Sofrer é passageiro. Desistir é para sempre.

Confira entrevista com Bernardo Fonseca ultramaratonista e diretor da X3M Sports Business

Com este “slogan” Bernardo Fonseca, ultramaratonista e diretor da X3M Sports Business, venceu a Ice Marathon – duas provas realizadas na Antártica, consideradas as mais difíceis do mundo, compostas por uma maratona de 42 quilômetros e uma corrida de 100 quilômetros. Entre uma prova e outra a diferença foi um pouco maior que um dia: 27 horas. Após vencer a maratona no tempo de 4 horas, 20 minutos e 31 segundos, ele conquistou os 100 quilômetros com a marca de 12 horas, 41 minutos e 52 segundos. Na corrida dos 100 quilômetros, Bernardo chegou quase três horas a frente do segundo colocado.

Depois de enfrentar os ventos de 70 km/h e a sensação térmica de -60°C da Antártica, foi para o deserto para a Marathon Des Sables, a maior ultramaratona do planeta. Ela acontece no sul do Marrocos, no deserto do Saara. Mais de 13 mil participantes percorrem até 280 quilômetros em 7 dias.

A primeira empreitada em esportes extremos de Bernardo foi correr uma maratona aos 12 anos de idade. Nesse momento percebeu que tinha o perfil das pessoas que procuram conhecer seus limites.

Em entrevista exclusiva à VendaMais, ele fala dos desafios e das superações que passou, e que todos passamos diariamente, e mostra o caminho para colocar em prática os valores do mundo esportivo no universo corporativo.

Quem é Bernardo Fonseca?
É um jovem empreendedor, que gosta de sair da mesmice do mercado e é apaixonado pelo que faz.

Venho de uma empresa multinacional da área financeira. Apesar da rentabilidade muito boa, não era uma coisa que eu gostava de fazer, não tinha prazer e resolvi investir na área de esporte, pela qual sou apaixonado e que acreditava que ainda poderia crescer muito no País. Acho que minha escolha foi muito acertada. Quando você faz o que gosta, tende a fazê-lo da melhor forma possível. Quando você tem amor pelo trabalho, dedicação, as coisas fluem mais facilmente. Eu acredito que isso facilita o convívio, toda a dinâmica e os resultados. Nem sempre tudo é dinheiro, ele acaba sendo só uma consequência.

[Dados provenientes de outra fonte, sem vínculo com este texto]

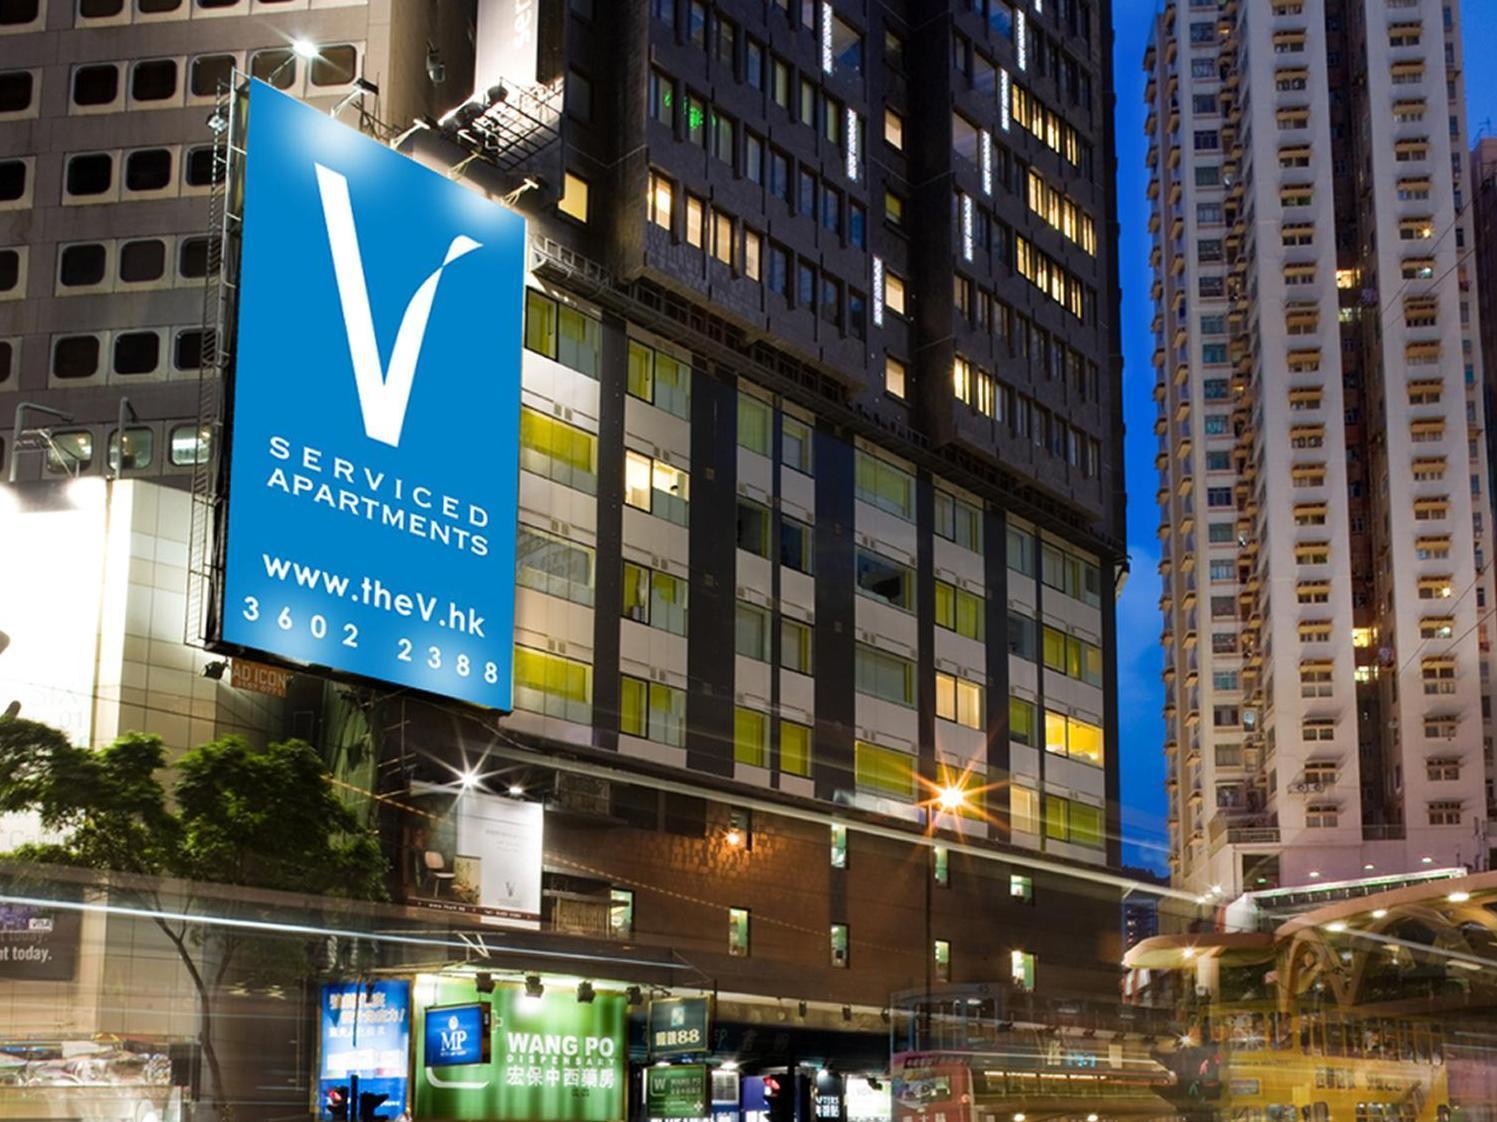 v causeway bay causeway bay hong kong hong kong great discounted rates. Black Bedroom Furniture Sets. Home Design Ideas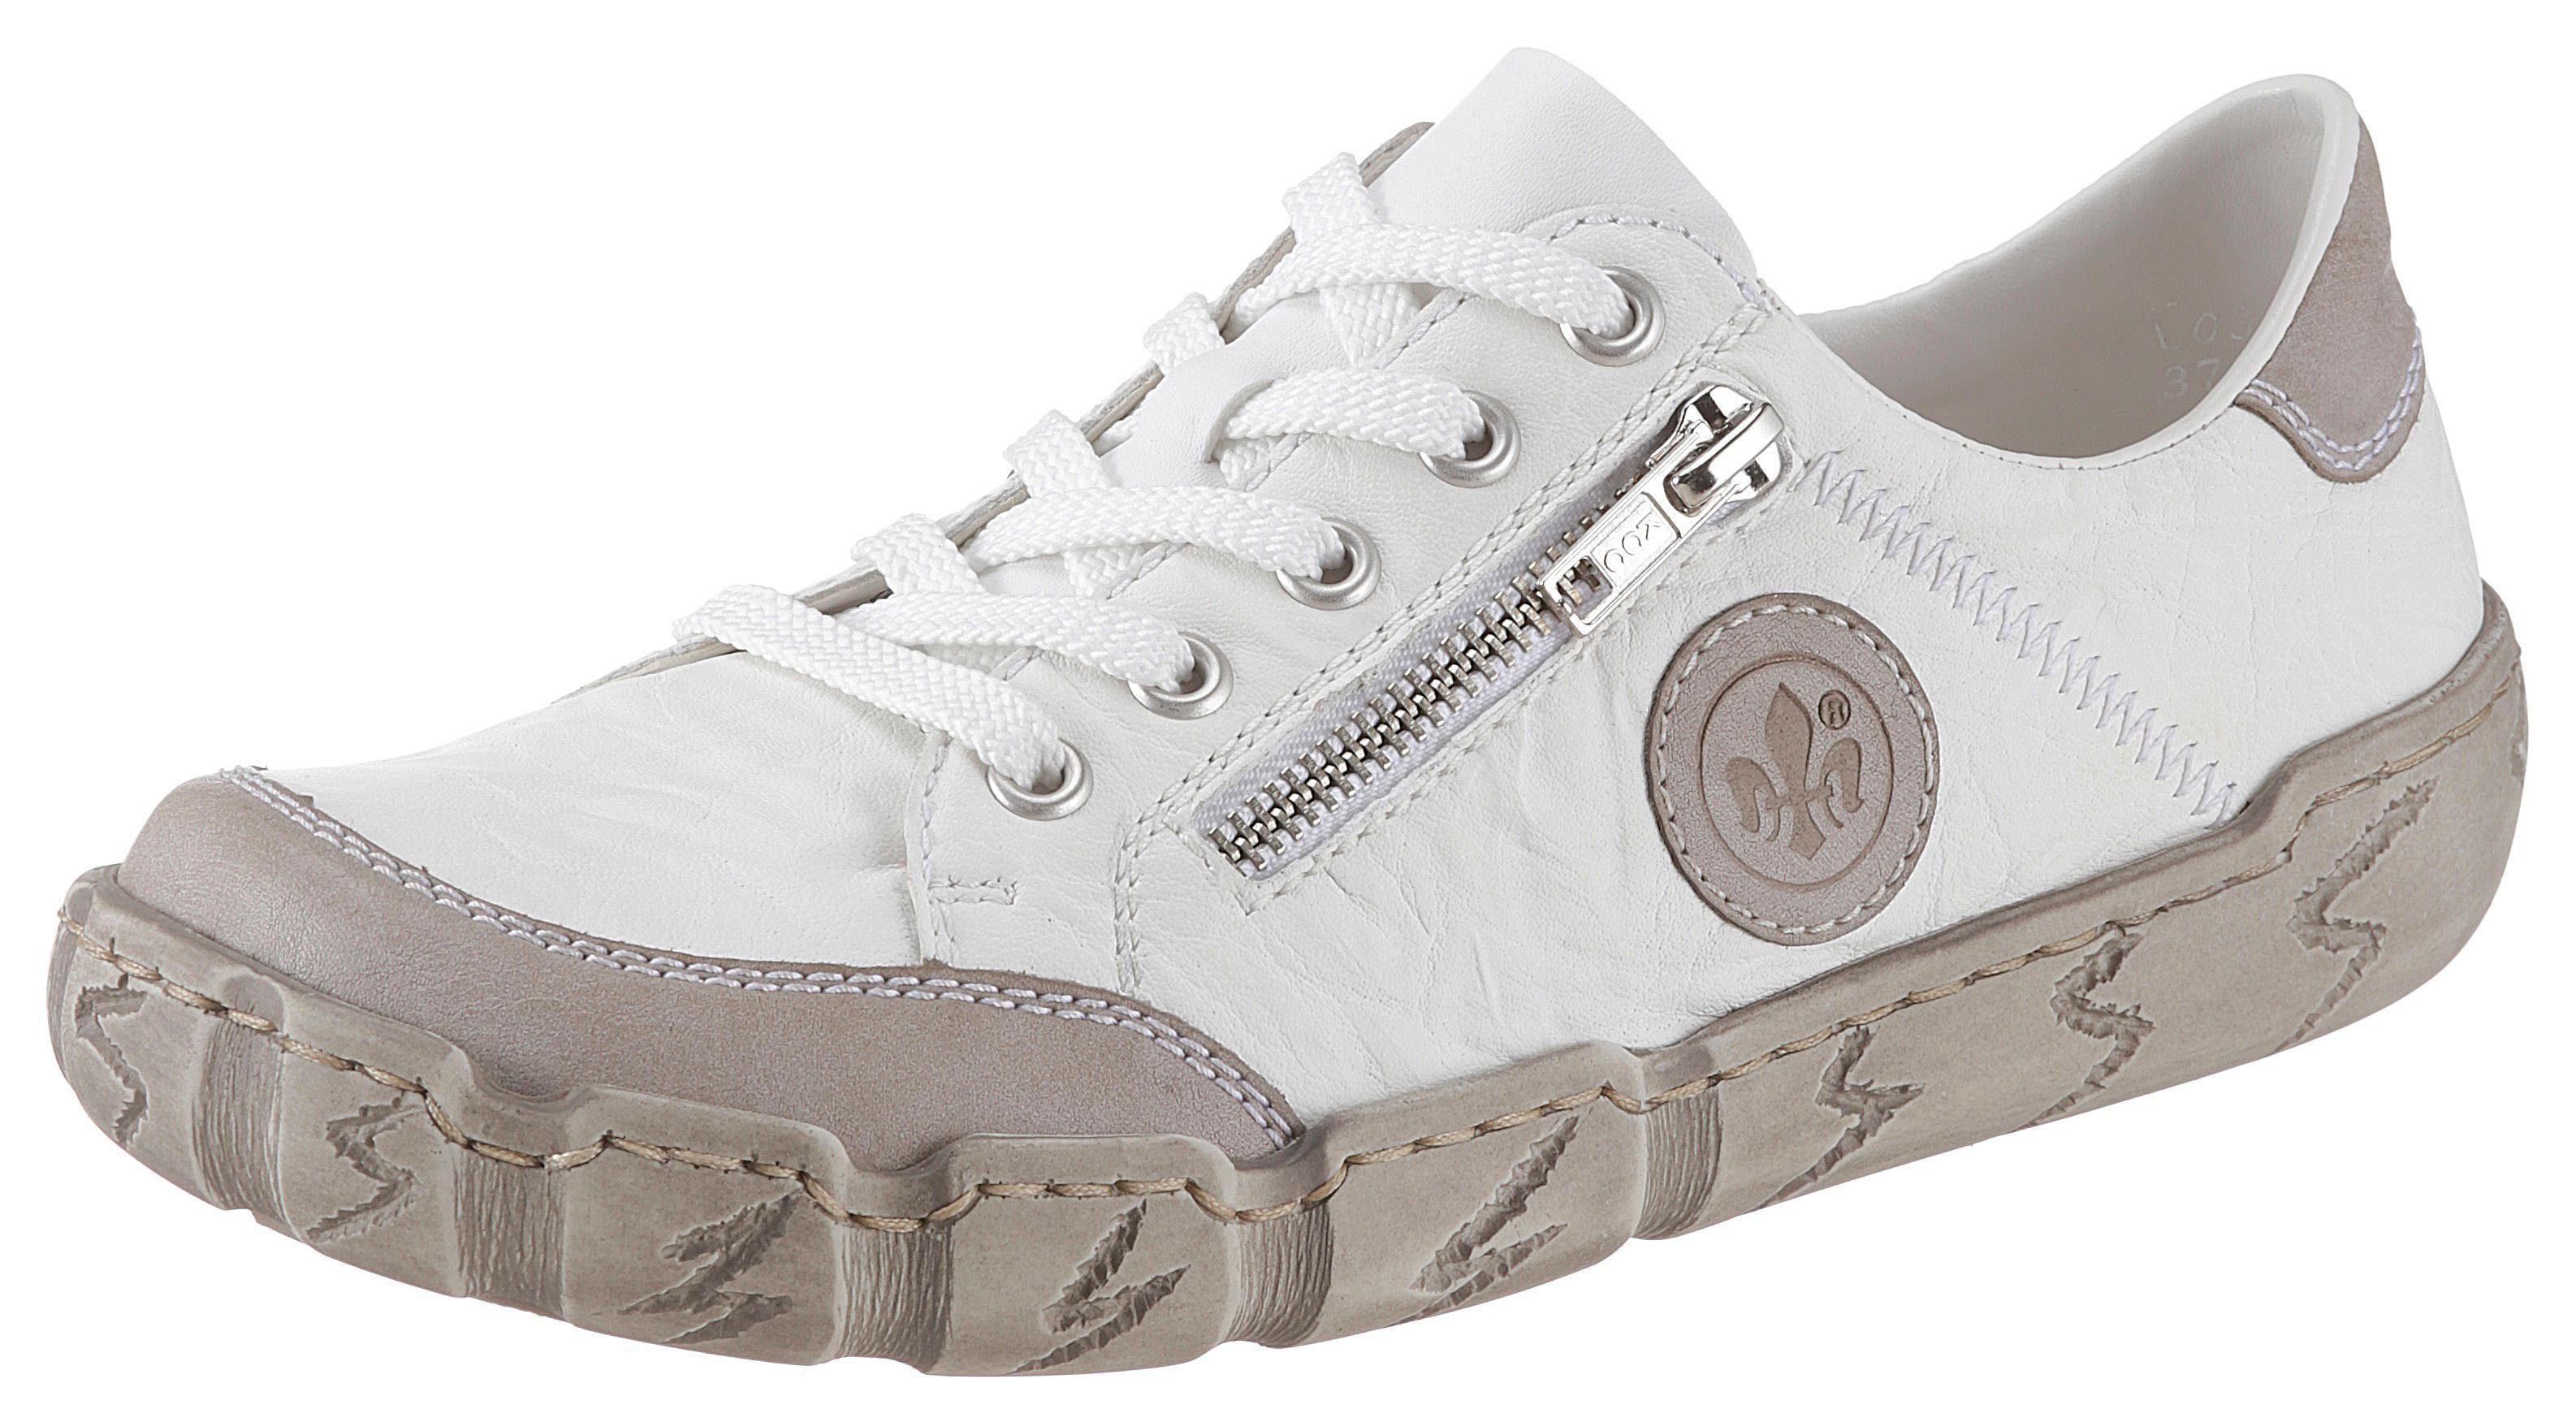 Rieker Sneaker mit Zierreißverschluss, Weich gepolsterter Schaftrand online kaufen | OTTO

O que o fez optar por essa profissão? Por que megamaratonas?
Eu sou um extremista, gosto de me desafiar. E no trabalho também sou assim. Quando a gente tem um desafio, por exemplo, tem de fazer um evento em uma semana, organizar toda a captação, a logística, a gente faz. Se tiver de virar cinco noites sem dormir, a gente vira; se tiver de falar com Deus e o mundo, a gente fala e faz. O cliente tem essa segurança. Quando a gente acredita no que faz, se entrega. As pessoas observam: “Nossa, este cara correu no gelo, no deserto. Este cara resiste, ele faz”.  A empresa se espelha no seu líder. Eu, como líder, tento mostrar que nada é fácil, que ninguém faz nada sozinho. Aqui todo mundo se une, planeja e foca a meta nem que para alcançá-la precisemos nos privar de alguma coisa, porque nosso objetivo é maior. Parece bonito, mas tem hora que a galera chora aqui.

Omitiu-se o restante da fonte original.